2024-12-04 14:46:47 -05:00 · 2011-05-01 22:10:46 +03:00 · 2011-05-01 22:10:46 +03:00 · e22eae2e93
commit e22eae2e93
parent 715571a5d6
8 changed files with 397 additions and 153 deletions
--- a/2
+++ b/2
@ -83,6 +83,8 @@ Miscellaneous:
  <video> and <audio>.
 * enhancement: Add move-half-page-up and move-half-page-down actions.
 * enhancement: Add option to change overlap for vertical scrolling.
+* enhancement: HTML meta refresh allows semicolons in URLs, and the
+  syntax is more like in Firefox.
 * link against lua51 not lua50
 * SpiderMonkey must be 1.8.5 or later.  Find it with pkg-config.

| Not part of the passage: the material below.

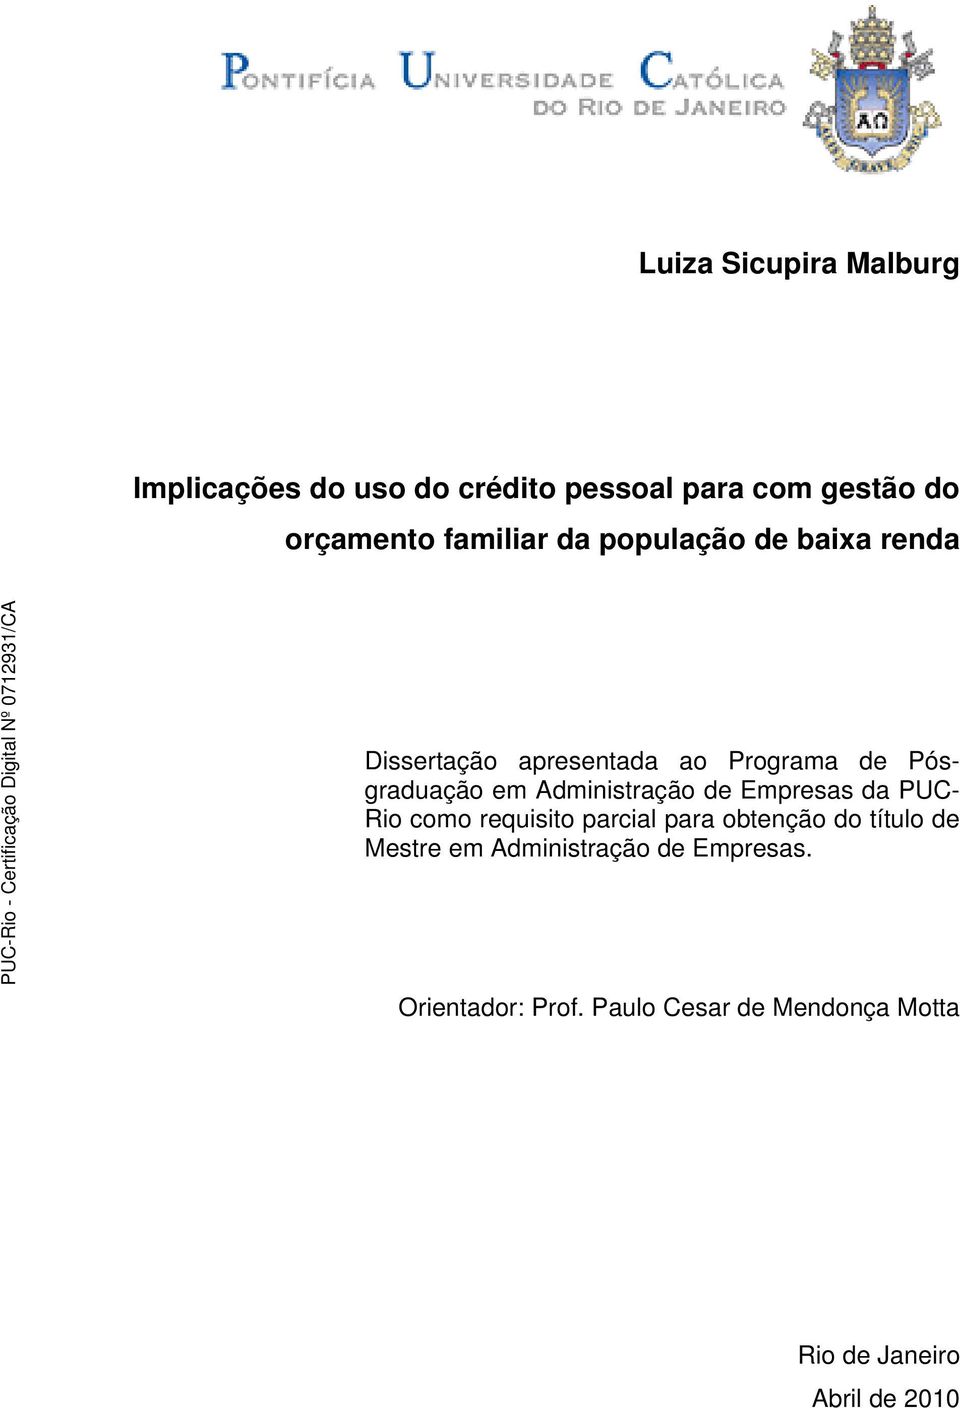 Administração de Empresas da PUC- Rio como requisito parcial para obtenção do título de Mestre

 * using iconv for some multibyte charsets. It works if the terminal codepage
--- a/src/document/html/Makefile
+++ b/src/document/html/Makefile
@ -1,7 +1,7 @@
 top_builddir=../../..
 include $(top_builddir)/Makefile.config

-SUBDIRS = parser
-OBJS	= frames.o parser.o renderer.o tables.o
+SUBDIRS = parser test
+OBJS	= frames.o parse-meta-refresh.o parser.o renderer.o tables.o

 include $(top_srcdir)/Makefile.lib
--- a/src/document/html/parse-meta-refresh.c
+++ b/src/document/html/parse-meta-refresh.c
@ -0,0 +1,118 @@
+/* Parse <meta http-equiv="refresh" content="..."> */
+
+#ifdef HAVE_CONFIG_H
+#include "config.h"
+#endif
+
+#include <errno.h>
+#include <stdlib.h>
+
+#include "elinks.h"
+
+#include "document/html/parse-meta-refresh.h"
+#include "osdep/ascii.h"
+#include "util/string.h"
+
+#define LWS(c) ((c) == ' ' || (c) == ASCII_TAB)
+
+int
+html_parse_meta_refresh(const unsigned char *content,
+			unsigned long *delay_out,
+			unsigned char **url_out)
+{
+	const unsigned char *scan = content;
+	char *delay_end;
+	int saw_delay = 0;
+	const unsigned char *url_begin;
+	const unsigned char *url_end;
+
+	*url_out = NULL;
+	*delay_out = 0;
+
+	while (LWS(*scan))
+		++scan;
+
+	/* TODO: Do we need to switch to the "C" locale and back?  */
+	*delay_out = strtoul(scan, &delay_end, 10);
+	saw_delay = (scan != (const unsigned char *) delay_end);
+	scan = (const unsigned char *) delay_end;
+
+	if (saw_delay) {
+		/* Omit any fractional part.  */
+		if (*scan == '.') {
+			++scan;
+			while (!(*scan == '\0' || LWS(*scan)
+				 || *scan == ';' || *scan == ','))
+				++scan;
+		}
+
+		if (!(*scan == '\0' || LWS(*scan)
+		      || *scan == ';' || *scan == ',')) {
+			/* The delay is followed by garbage.  Give up.  */
+			return -1;
+		}
+
+		/* Between the delay and the URL, there must be at
+		 * least one LWS, semicolon, or comma; optionally with
+		 * more LWS around it.  */
+		while (LWS(*scan))
+			++scan;
+		if (*scan == ';' || *scan == ',')
+			++scan;
+	} else {
+		/* The delay was not specified.  The delimiter must be
+		 * a semicolon or a comma, optionally with LWS.  LWS
+		 * alone does not suffice.  */
+		while (*scan != '\0' && *scan != ';' && *scan != ',')
+			++scan;
+		if (*scan == ';' || *scan == ',')
+			++scan;
+	}
+	
+	while (LWS(*scan))
+		++scan;
+
+	/* Presume the URL begins here...  */
+	url_begin = scan;
+
+	/* ..unless there is "URL=" with at least one equals sign,
+	 * and optional spaces.  */
+	if ((scan[0] == 'U' || scan[0] == 'u')
+	    && (scan[1] == 'R' || scan[1] == 'r')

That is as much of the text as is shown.